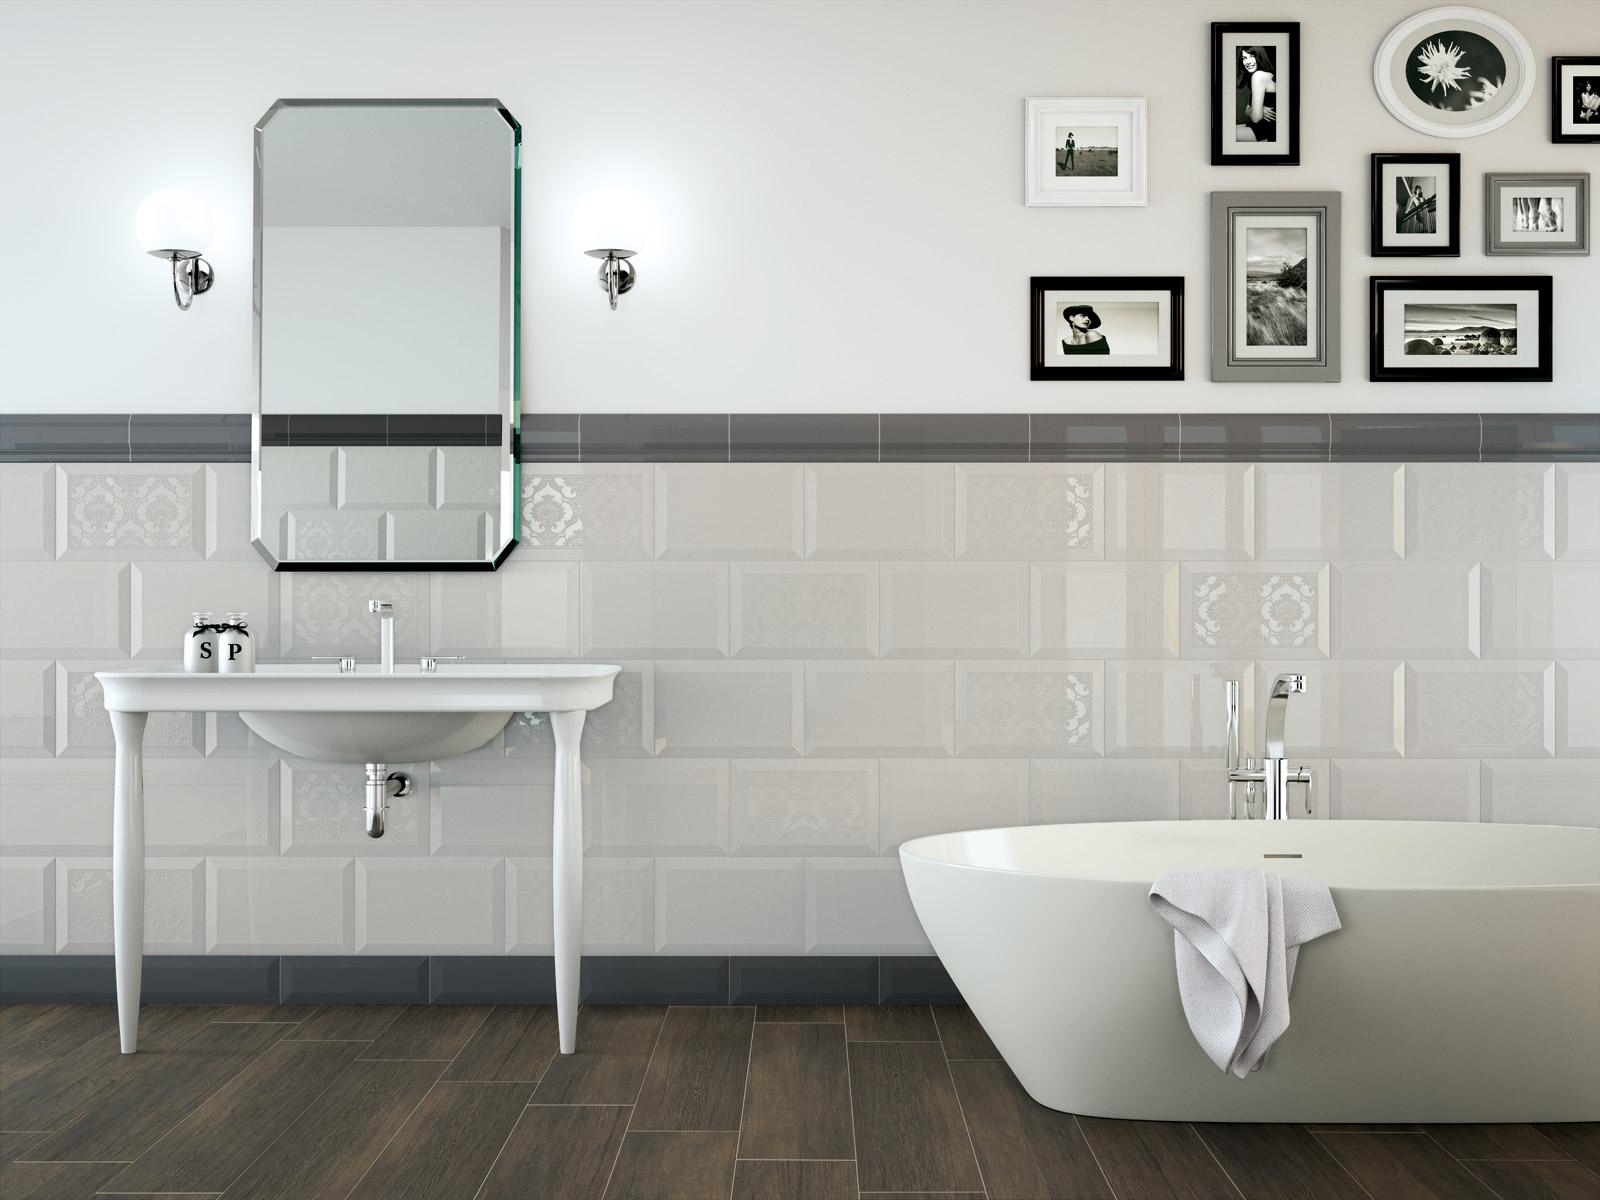 4bildcasa le soluzioni per il bagno firmate marazzi - Soluzioni per il bagno ...
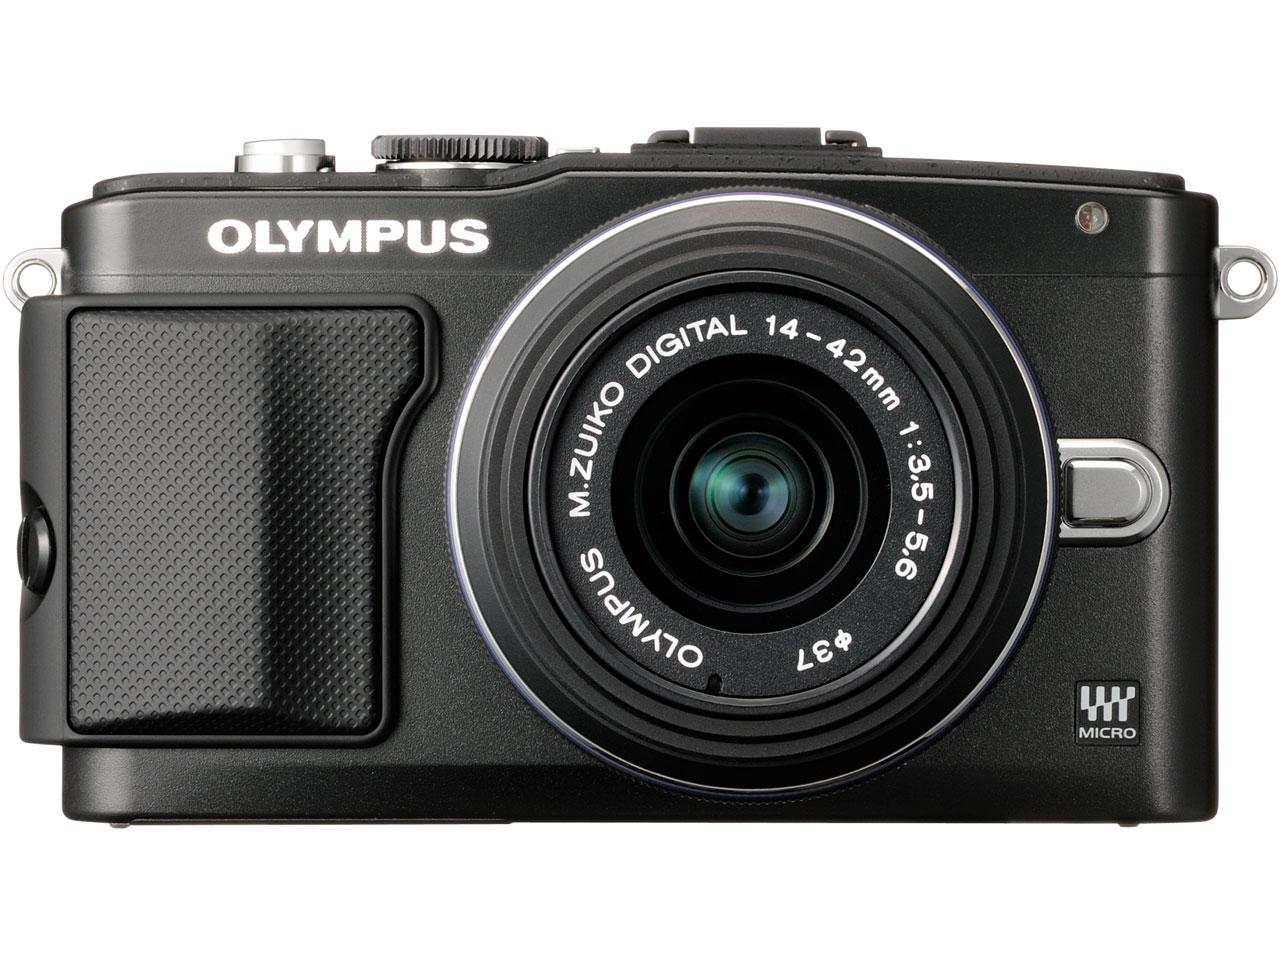 『本体 正面』 OLYMPUS PEN Lite E-PL5 レンズキット [ブラック] の製品画像
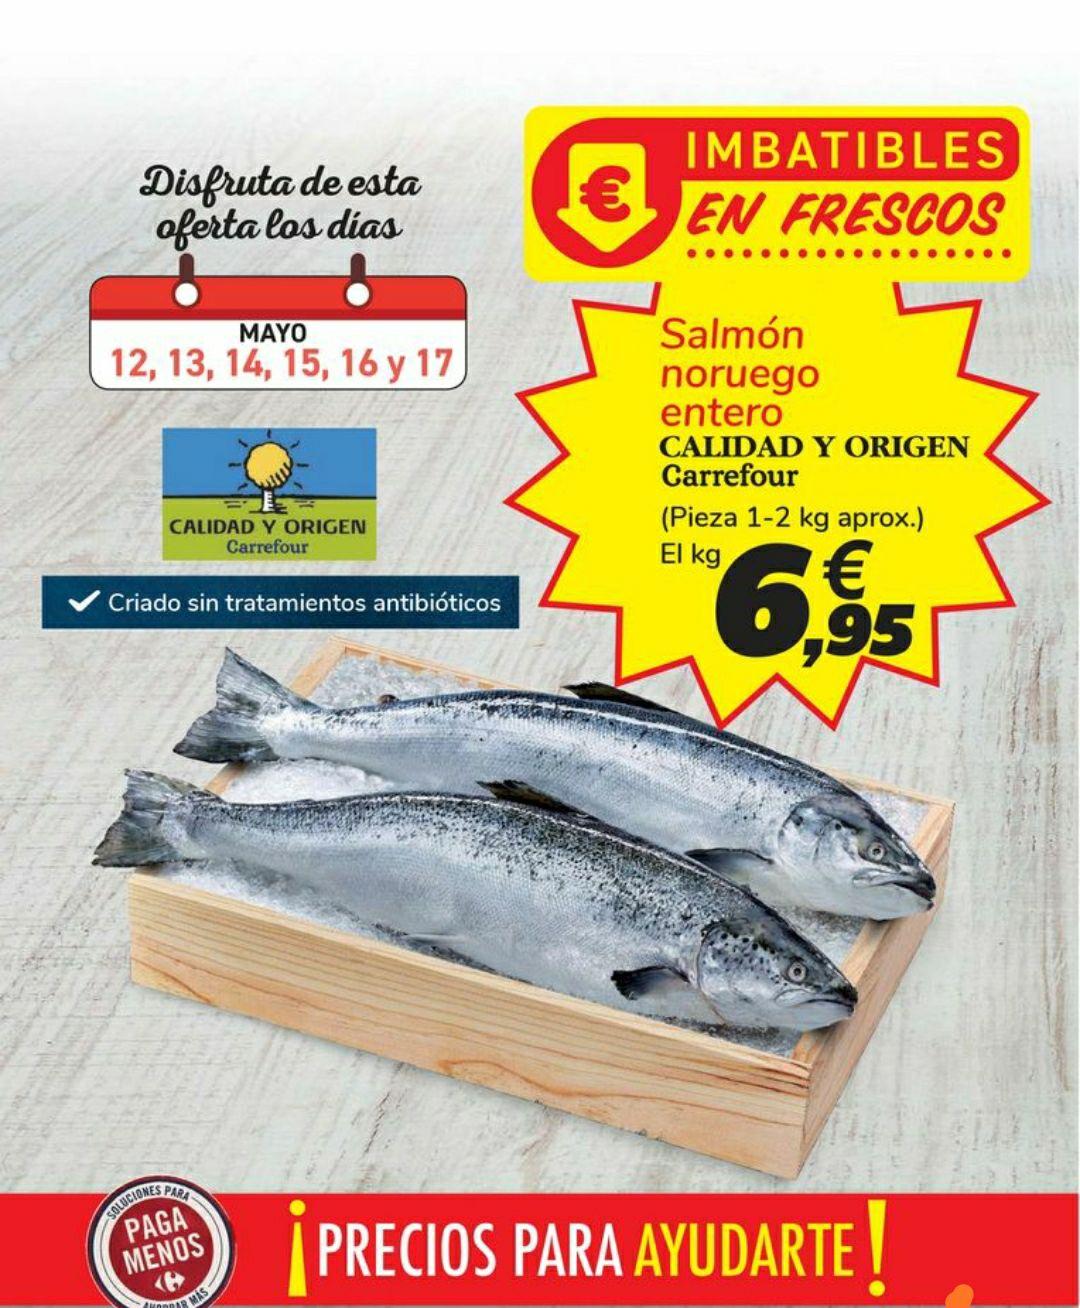 Salmón entero a 6,95€/kg en Carrefour

What this task involves
Whenever a picture appears in the listing, leave it out; copy everything else exactly.

Task answer
 4bildcasa le soluzioni per il bagno firmate marazzi - Soluzioni per il bagno ...
 『本体 正面』 OLYMPUS PEN Lite E-PL5 レンズキット [ブラック] の製品画像
 Salmón entero a 6,95€/kg en Carrefour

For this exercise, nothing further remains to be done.